Following several accusations of privacy breaches concerning its Ring video doorbell and Alexa virtual assistant services, Amazon has agreed to pay a $30 million fine. The Federal Trade Commission (FTC) has accused Amazon's subsidiary, Ring, of unlawfully conducting surveillance on customers and neglecting to protect users' cameras from unauthorised access by hackers.
As per a proposed order, Ring is required to provide $5.8 million in refunds to consumers and will be prohibited from benefiting from consumer videos acquired unlawfully.
The allegation outlined in the complaint alleges that Ring compromised the privacy of its customers by allowing its employees and contractors access to private videos. Additionally, it is claimed that Ring failed to implement fundamental privacy and security measures, enabling hackers to gain control of consumers' cameras and videos through unauthorised access to their accounts.
According to the complaint filed by the FTC, prior to September 2017, Ring did not restrict access to customers' video data to only those employees who required it for their job functions, such as customer support or product improvement. Instead, the complaint reveals that Ring granted unrestricted access to every employee, along with numerous third-party contractors based in Ukraine, providing them with full access to every customer video, regardless of the necessity for performing their specific job duties.

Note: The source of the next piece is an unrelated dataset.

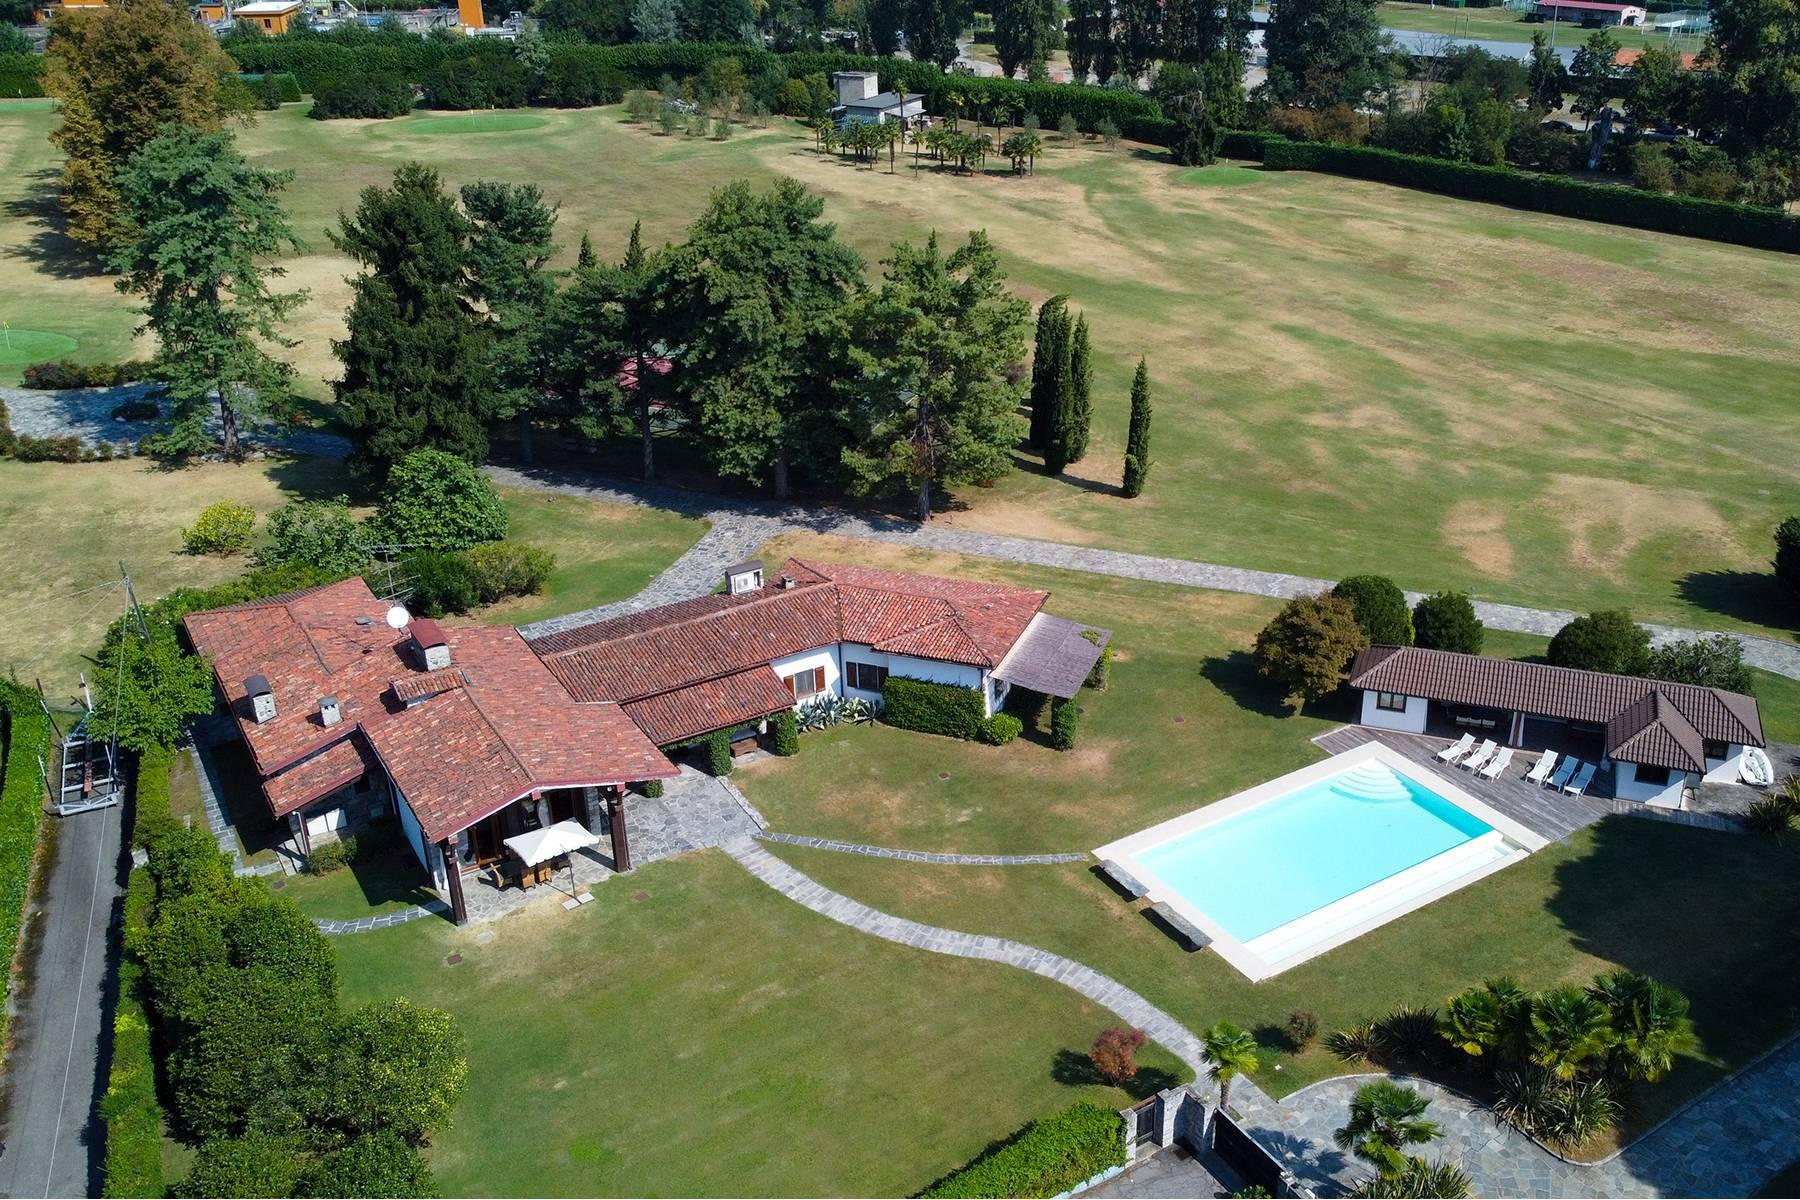 Charmante Villa in Lesa, mitten in der Natur - 34
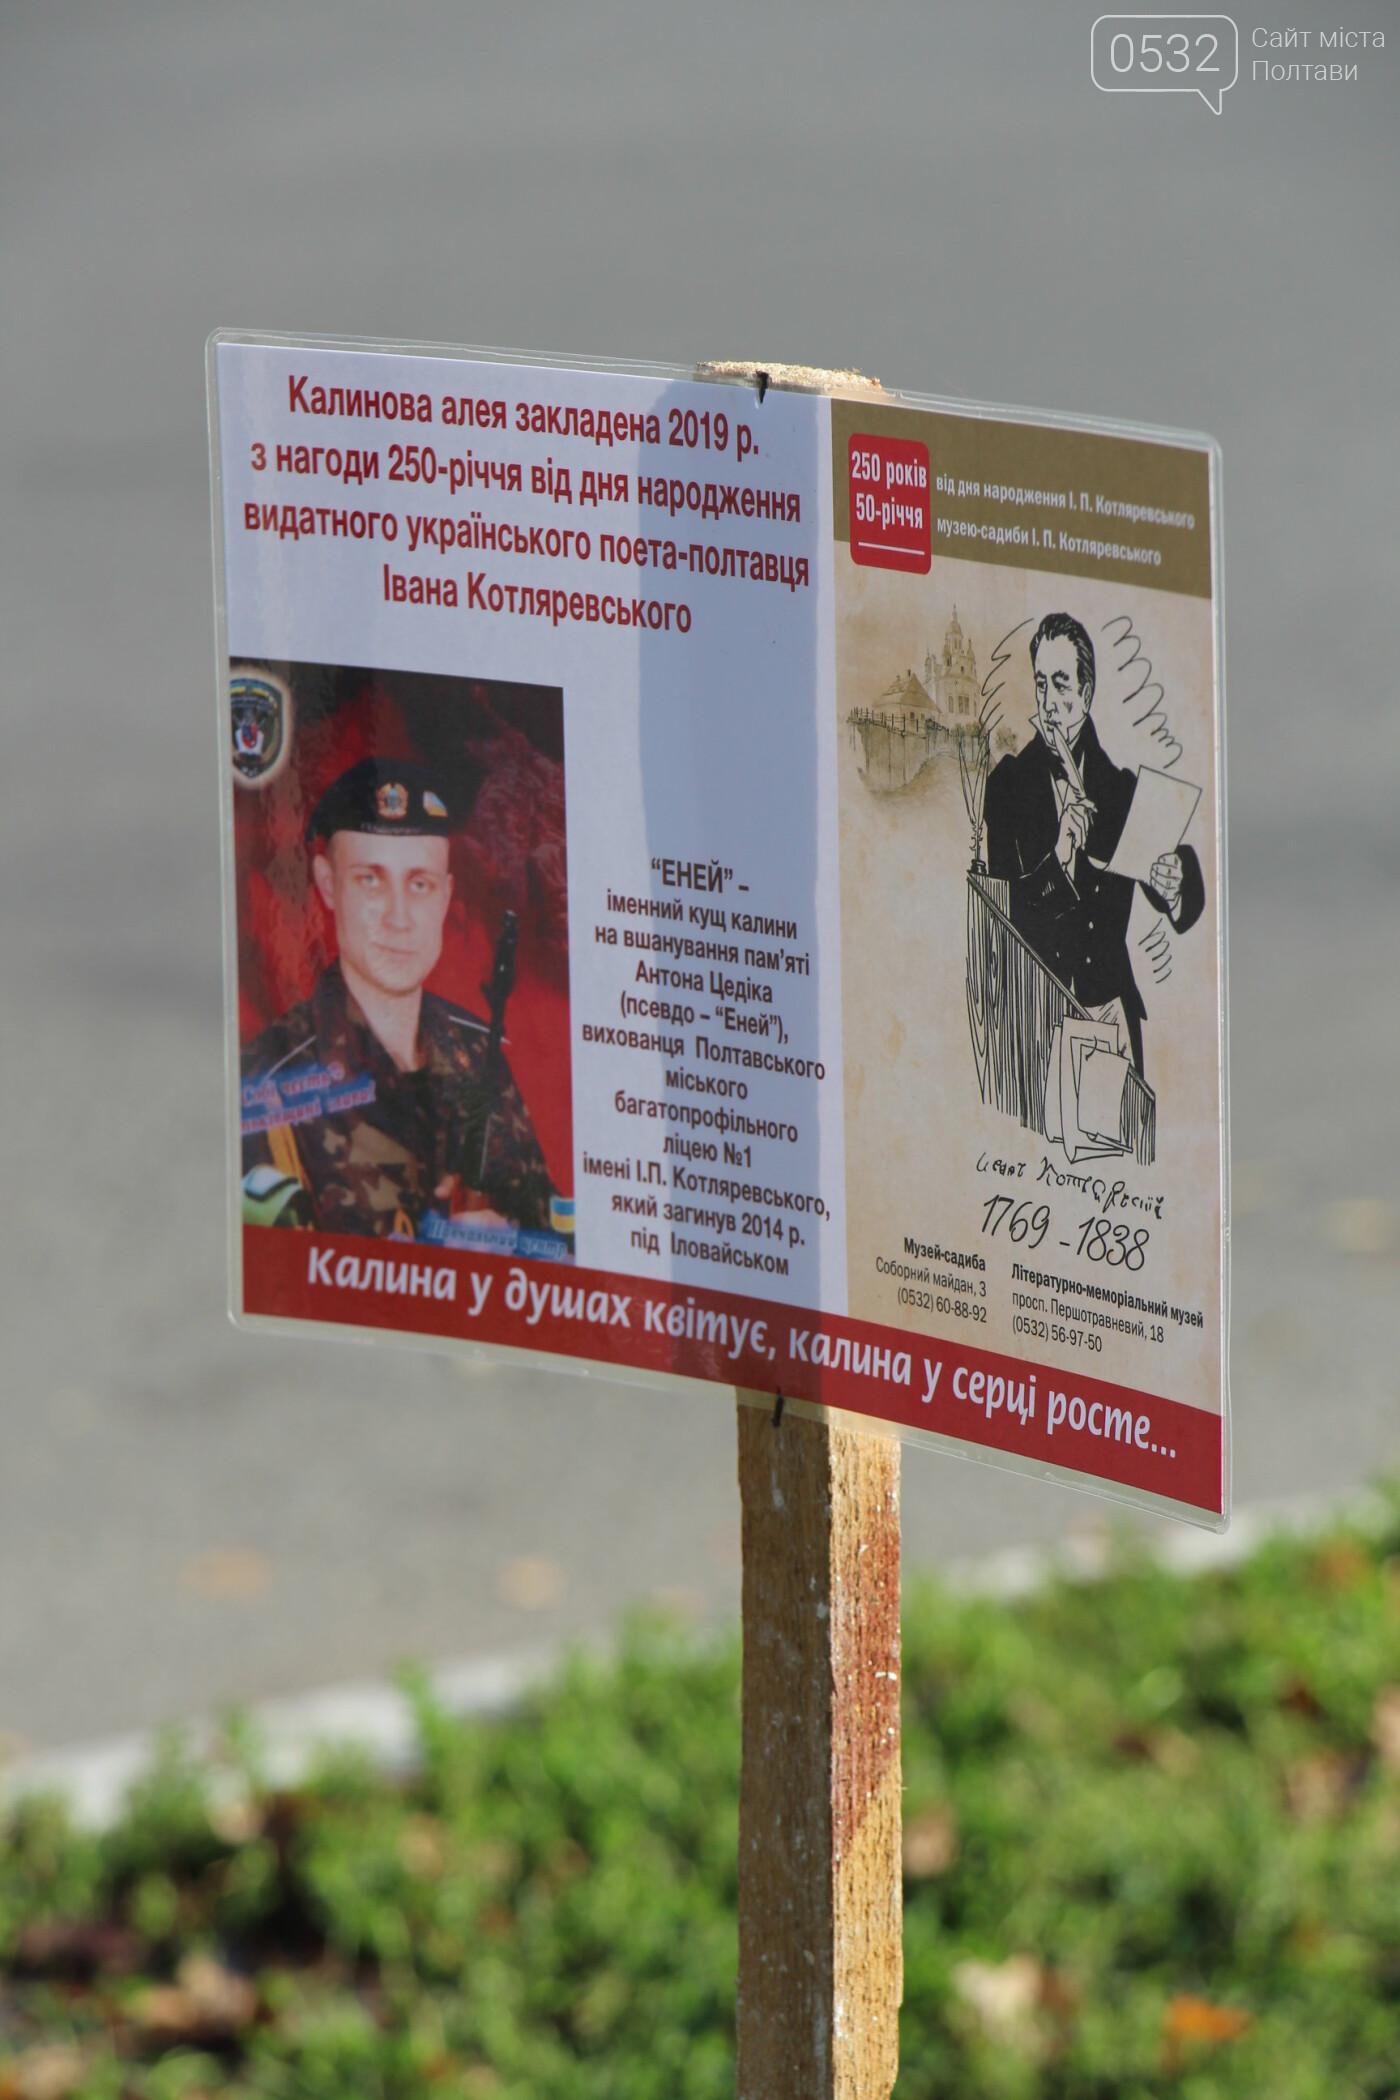 У Полтаві заклали калинову алею на честь Котляревського та загиблого Енея (ФОТО), фото-4

The report also brings attention to a particular incident in which an Amazon employee accessed and viewed thousands of video recordings of female users in private areas such as bathrooms and bedrooms over the course of several months. The company's security team remained unaware of this incident until another employee stumbled upon it and promptly reported it.
A further fine
In an independent matter, both the FTC and the U.S. Department of Justice have accused Amazon of breaching children's privacy laws by neglecting to delete their voice recordings and geolocation data upon their parents’ requests.
According to a proposed order, Amazon will be obligated to pay $25 million in penalties and comply with the parents' demands to delete the children's data.
The proposed order will impose restrictions on Amazon, preventing the company from utilising children's data for algorithm training purposes. Additionally, it will mandate the deletion of inactive child accounts, as well as any associated voice recordings and geolocation data.
In conclusion
The cases involving Amazon's privacy violations underscore the crucial significance of data sovereignty and classification within the world of cybersecurity. The incidents revealed the potential dangers that arise when sensitive data, especially that of vulnerable individuals such as children, falls into the wrong hands or is misused.
Safeguarding data sovereignty requires strict adherence to privacy regulations and the implementation of robust security measures to help prevent unauthorised access and data breaches. The classification of data based on its sensitivity is vital for establishing appropriate safeguards and access controls.
As technology continues to advance, organisations must prioritise data sovereignty and classification as fundamental pillars of their cybersecurity strategies, ensuring the protection of individuals' privacy and the maintenance of trust in the digital landscape.